The functional monomer 10-MDP was originally synthesized by Kuraray (today Kuraray Noritake, Tokyo, Japan) and has been introduced in 1981 (following ‘Clearfil SE Bond’ Technical Information from Kuraray Noritake). The actual 10-MDP patent expired in 2011, and has led other companies to develop and launch 10-MDP adhesives, many of them have been referred to as so-called ‘universal’ adhesives, such as Adhese Universal (Ivoclar Vivadent, Schaan, Liechtenstein), All-Bond Universal (Bisco, Schaumburg, IL, USA), Clearfil Universal Bond (Kuraray Noritake), Futurabond U (Voco, Cuxhaven, Germany; although the MSDS document does not specify what the ‘acidic adhesive monomer’ is), G-Premio Bond (GC, Tokyo, Japan) and Scotchbond Universal (3M ESPE, Seefeld, Germany). Besides indicated for direct and indirect restorative procedures, universal adhesives allow the dentist to opt for either an etch-and-rinse (E&R) or self-etch (SE) application protocol.

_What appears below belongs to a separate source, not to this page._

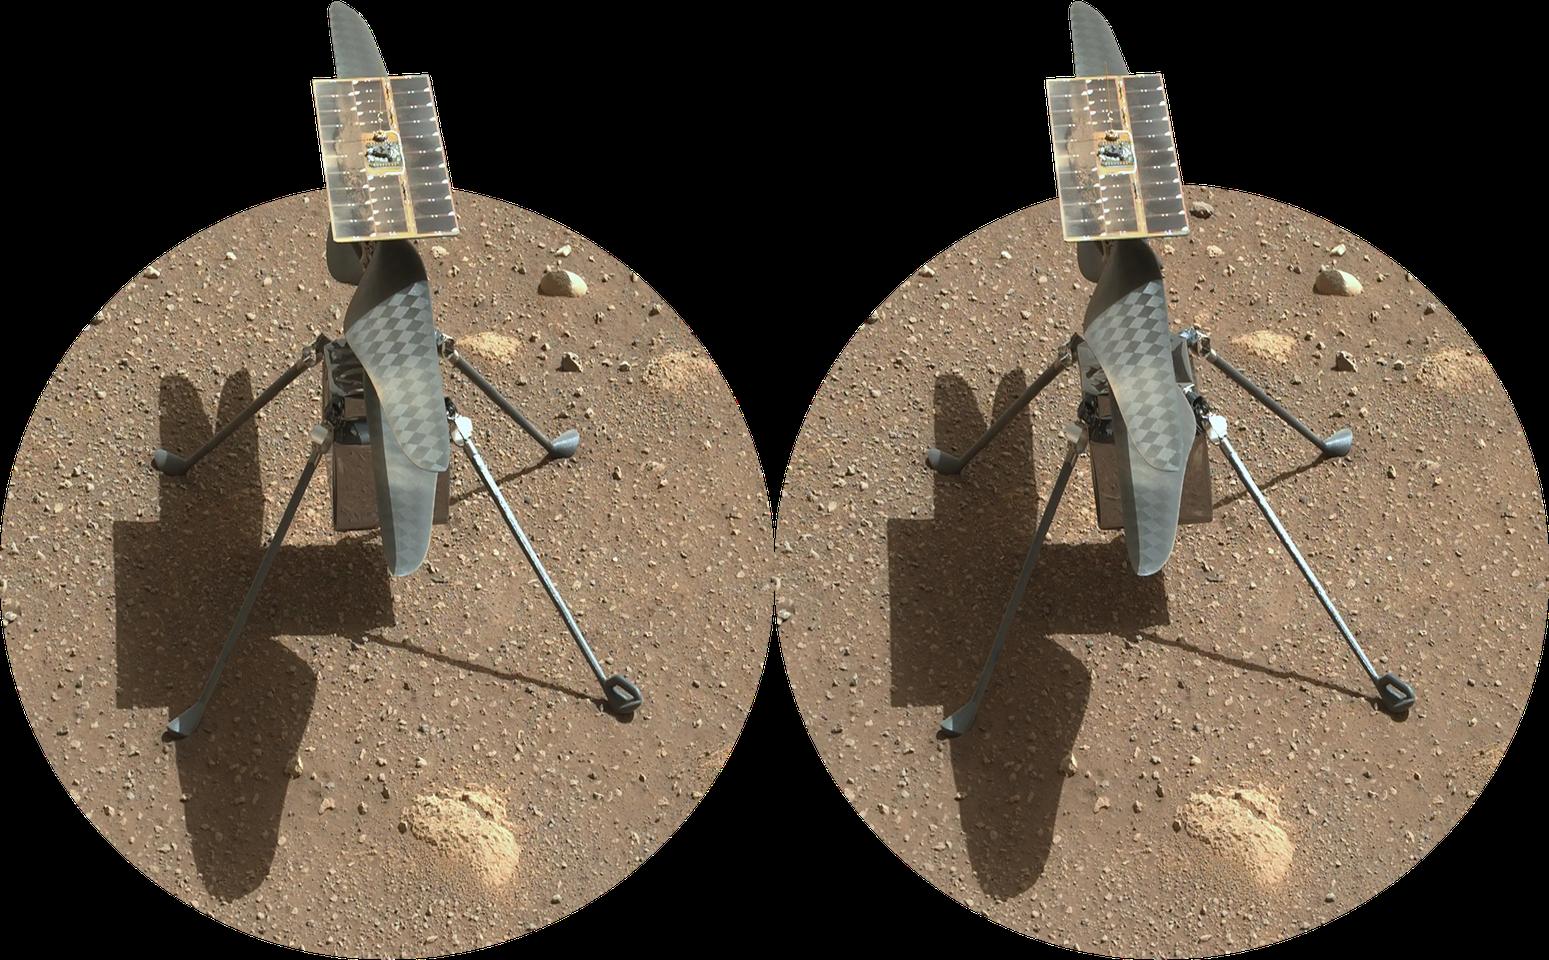 Ingenuity deployed on Mars

Bonding effectiveness of the different commercial 10-MDP-based adhesives was found to vary . Self-evidently, difference in composition is the most plausible reason. Bond strength was shown to depend on the actual concentration of 10-MDP . The interfacial interaction potential of 10-MDP with HAp was found to be inhibited by other monomers like HEMA . 10-MDP’s performance may also degrade with time, as the monomer is sensitive to hydrolytic degradation .
To date, the effect of 10-MDP’s purity on bonding effectiveness is unknown, although several chemical companies (PCM, Krefeld, Germany; DMI, San Diego, CA) commercially offer the functional monomer to be used for dental purposes. Different purities are reported in the accompanied technical documentation. Moreover, patent literature not clearly describes the synthesis process and actual purification process . We therefore investigated in this study three different 10-MDP versions, provided by three different companies, on their purity and their chemical interaction potential as well as bonding effectiveness to dentin. The null hypothesis tested was that the adhesive performance of experimental primers varying for the 10-MDP version was not different when they were used as part of a 2-step SE adhesive protocol.